Alexandra : Depuis toute petite, je rêvais d’avoir des enfants avant mes 30 ans. Puis en grandissant, j’ai pris connaissance de la réalité de ce que c’est d’avoir une famille, en plus de tout ce qui entoure la vie d’adulte et ses responsabilités. J’étais de plus en plus soucieuse de notre environnement, des enjeux liés au réchauffement climatique. L’éco-anxiété et l’anxiété généralisée, ça m’a beaucoup freinée : mettre un enfant au monde pour lui faire vivre les inégalités, le racisme, la folie du capitalisme, les guerres, la violence, alors que moi, perso, j’ai déjà du mal… Est-ce que ça avait vraiment du sens ? En parallèle, je ressentais de plus en plus la pression de la société d’entrer dans un moule, de suivre des étapes de vie prémâchées… et je me suis demandé si vraiment moi, Alex, je voulais des enfants ou si c’était juste que tout le monde voulait que j’en aie.
Quel regard tu portais sur les gens qui faisaient le choix d’avoir des enfants ?
Honnêtement, je les ai souvent jugés, mais c’était surtout par rapport à leur discours sur la fatigue, sur combien la vie en tant que parent est compliquée et difficile. Je les sentais coincés, obligés de vivre une parentalité qui était prescrite, d’une certaine façon.
Qu’est-ce qui t’a finalement fait changer d’avis ?
J’avais eu beaucoup de conversations avec des gens hésitants ou blasés. Des gens qui, comme moi, avaient peur de notre monde actuel et futur. Puis un jour, j’ai entendu la phrase « Parfois, il suffit d’une seule personne pour changer les choses » et ça a résonné en moi. Évidemment, j’ai pas la prétention de dire que mon enfant changera le monde, mais j’aime à croire que si on est beaucoup à voir les choses de cette façon, on se donne une vraie chance d’avoir un impact sur le futur de l’humanité. Quand ce changement de mentalité s’est opéré, j’ai pu prendre le temps de réfléchir à ce que je voulais vraiment, sans céder à la pression externe. Avec mon mec, on a beaucoup discuté de comment on voulait vivre, de comment on se voyait élever un enfant, et on a décidé de se lancer, à notre façon.
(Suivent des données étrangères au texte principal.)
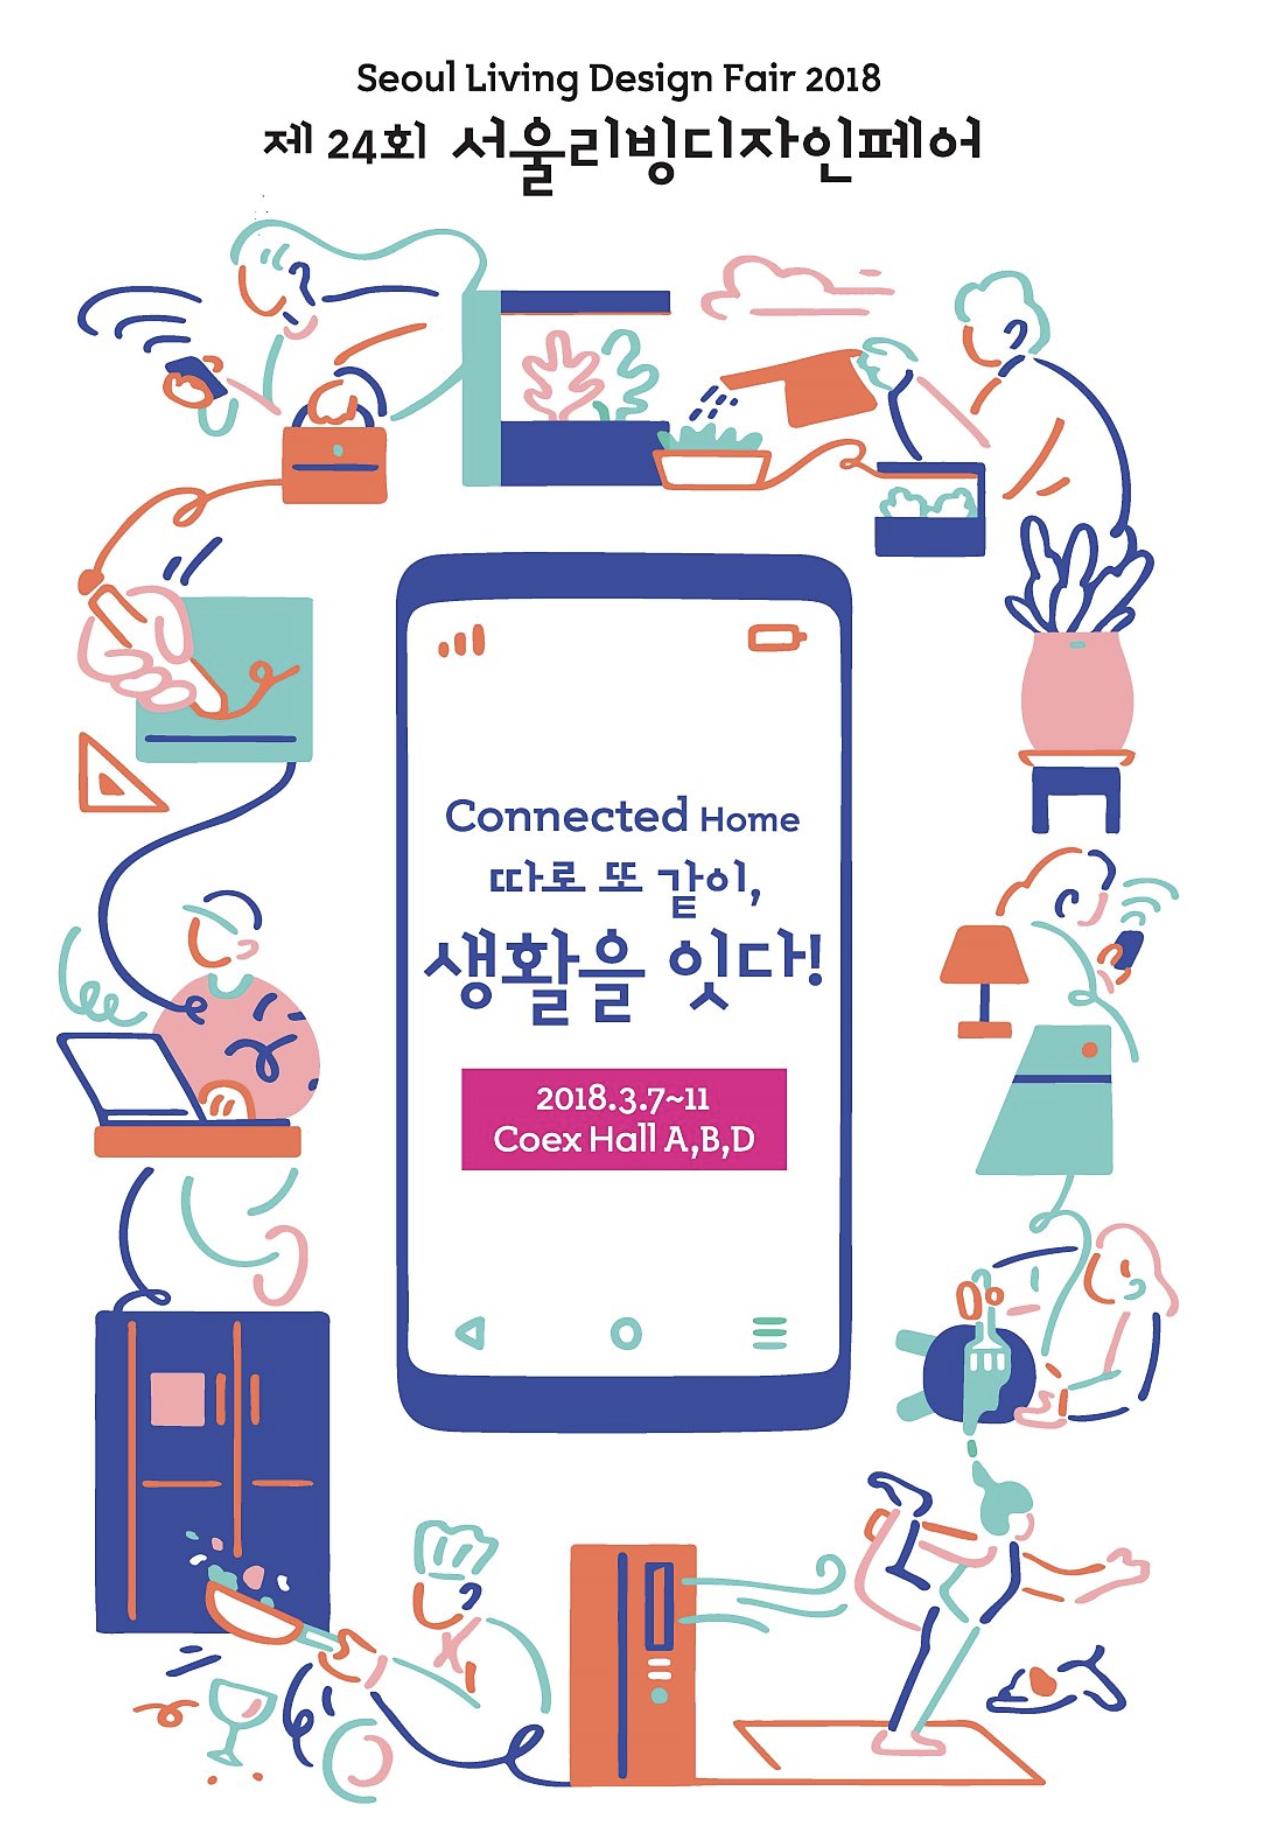 Happy Design House- 'Seoul Design Living Fair 2018'  행복이가득한집-'서울리빙디자인페어 2018'

Et maintenant que vous êtes parents. Tu penses avoir fait le bon choix ?
Je t’avoue que ça m’est arrivé de me poser la question. Parfois, je trouve ça extrêmement difficile, mais j’apprends à gérer mes émotions, à relever les défis un jour à la fois, en faisant de mon mieux.
Loïc (33 ans), père d’un enfant
VICE : Qu’est-ce qui te rebutait dans l’idée de faire des enfants ?
Loïc : Je trouvais ça super égoïste comme démarche. Notre planète est déjà surpeuplée et le coût écologique d’un être humain dans un pays comme la Belgique – ou la France, d’où je viens – est catastrophique. Pour moi, c’était clair : hors de question de contribuer à ça, jamais de la vie.
Pourtant, t’es récemment devenu père. Qu’est-ce qui t’a fait changer d’avis ?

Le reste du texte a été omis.